How do I make sure not only the last element of a for loop dataframe is posted via to_sql to the database?

31 Views Asked by At

I try to post the dataframe to pgadmin. The dataframe was edited in a for loop, but when I post the data it posts only the last element in the for loop. I tried to use the to_sql inside the for loop and outside.

tables = camelot.read_pdf(pdf_path, pages = 'all', flavor = 'stream')
    for table in tables[:-1]:
         df = table.df
         df3 = pd.DataFrame()
         df3['nr'] = df2[0].values.astype(str).flatten().tolist()
         df3.to_sql('new_pilsCorner4', engine,if_exists='replace')
         engine = create_engine(f'postgresxxxxxxxxxxxxxxxxxxxxxxxxxxxxxxxxx')
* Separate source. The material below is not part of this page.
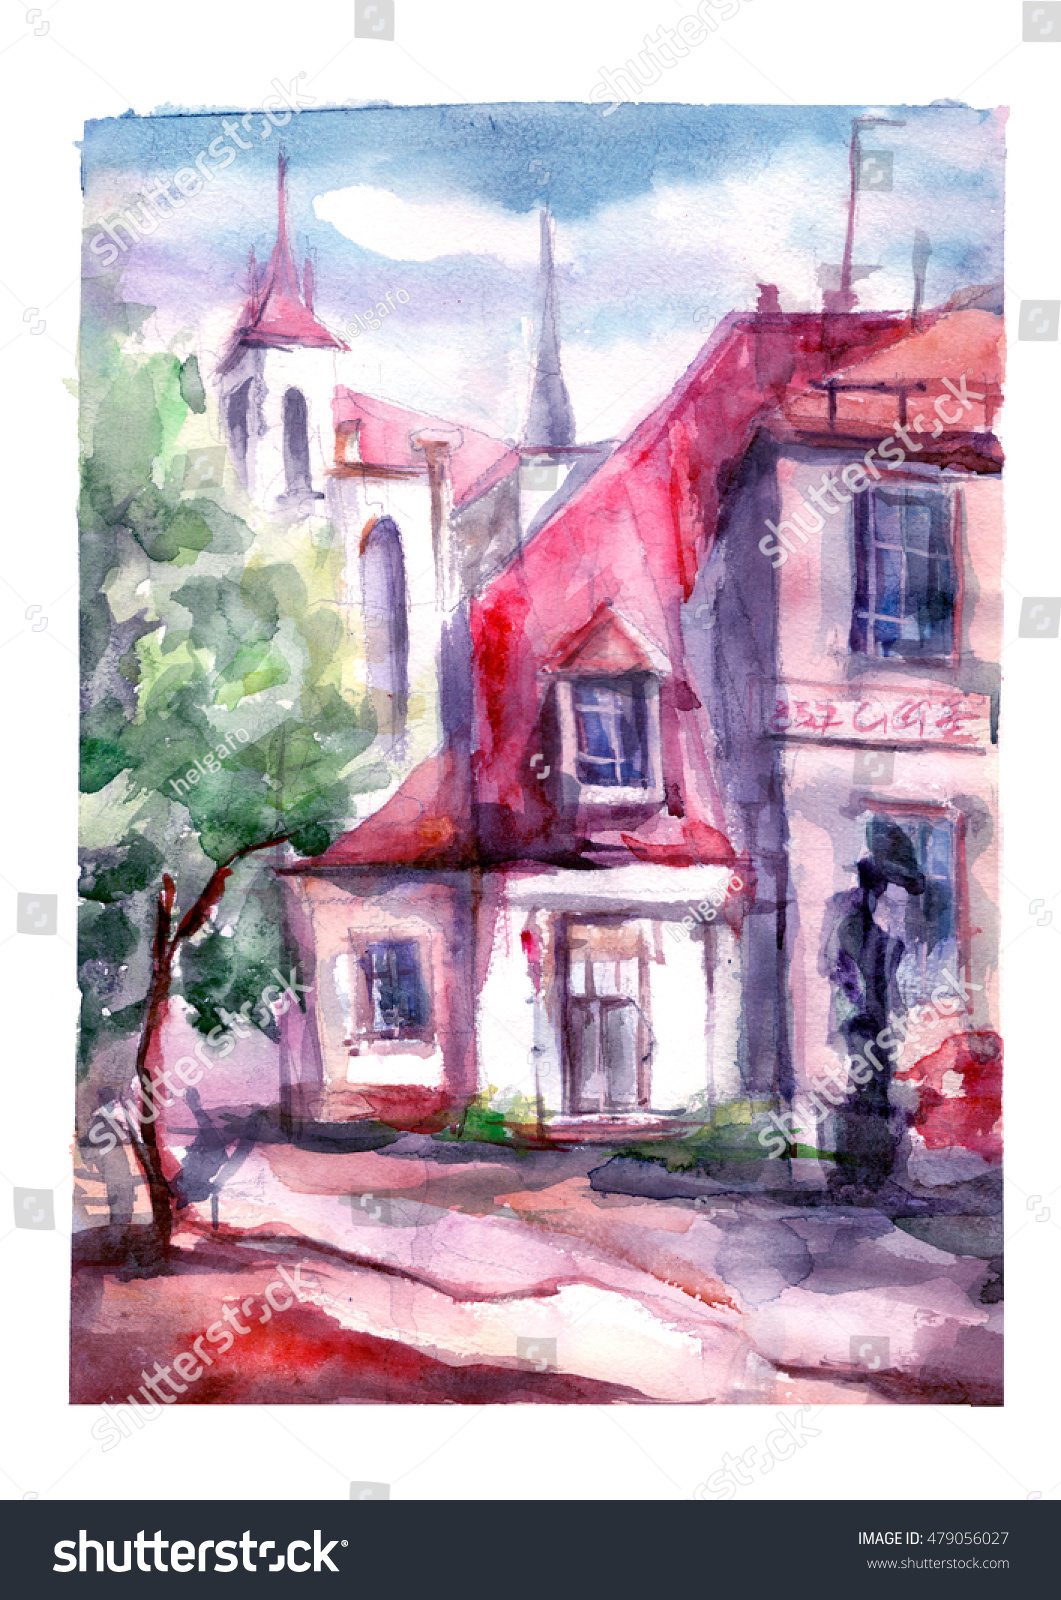 Watercolor painting - urban street, house, landscape. | EZ Canvas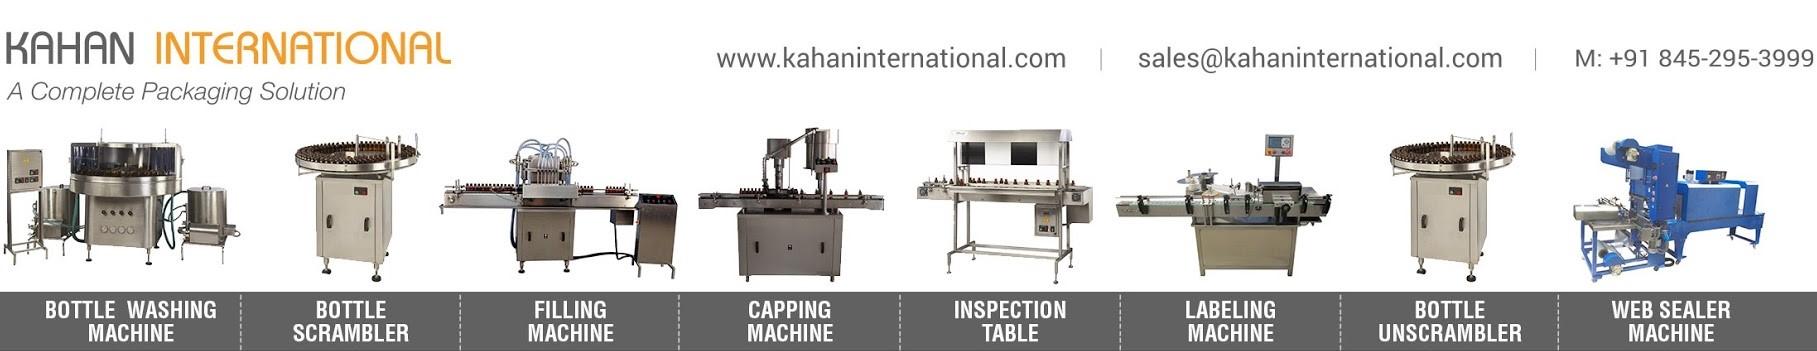 Kahan International

I tried to append the dataframe to an array and get a list, which I push into another dataframe outside the loop but that didn't work because of a missmatch between the columns.

1

There are 1 best solutions below

0
Serge de Gosson de Varennes On BEST ANSWER

You use replace which means you are ovrwritting the content in each run of your loop.

Do either this:

tables = camelot.read_pdf(pdf_path, pages = 'all', flavor = 'stream')
    for table in tables[:-1]:
         df = table.df
         df3 = pd.DataFrame()
         df3['nr'] = df2[0].values.astype(str).flatten().tolist()
         df3.to_sql('new_pilsCorner4', engine,if_exists='append')
         engine = create_engine(f'postgresxxxxxxxxxxxxxxxxxxxxxxxxxxxxxxxxx')

or

tables = camelot.read_pdf(pdf_path, pages='all', flavor='stream')
engine = create_engine('postgresxxxxxxxxxxxxxxxxxxxxxxxxxxxxxxxxx')
for table in tables[:-1]:
    df = table.df
    df3 = pd.DataFrame()
    df3['nr'] = df2[0].values.astype(str).flatten().tolist()
    df3.to_sql('new_pilsCorner4', engine, if_exists='append', index=False)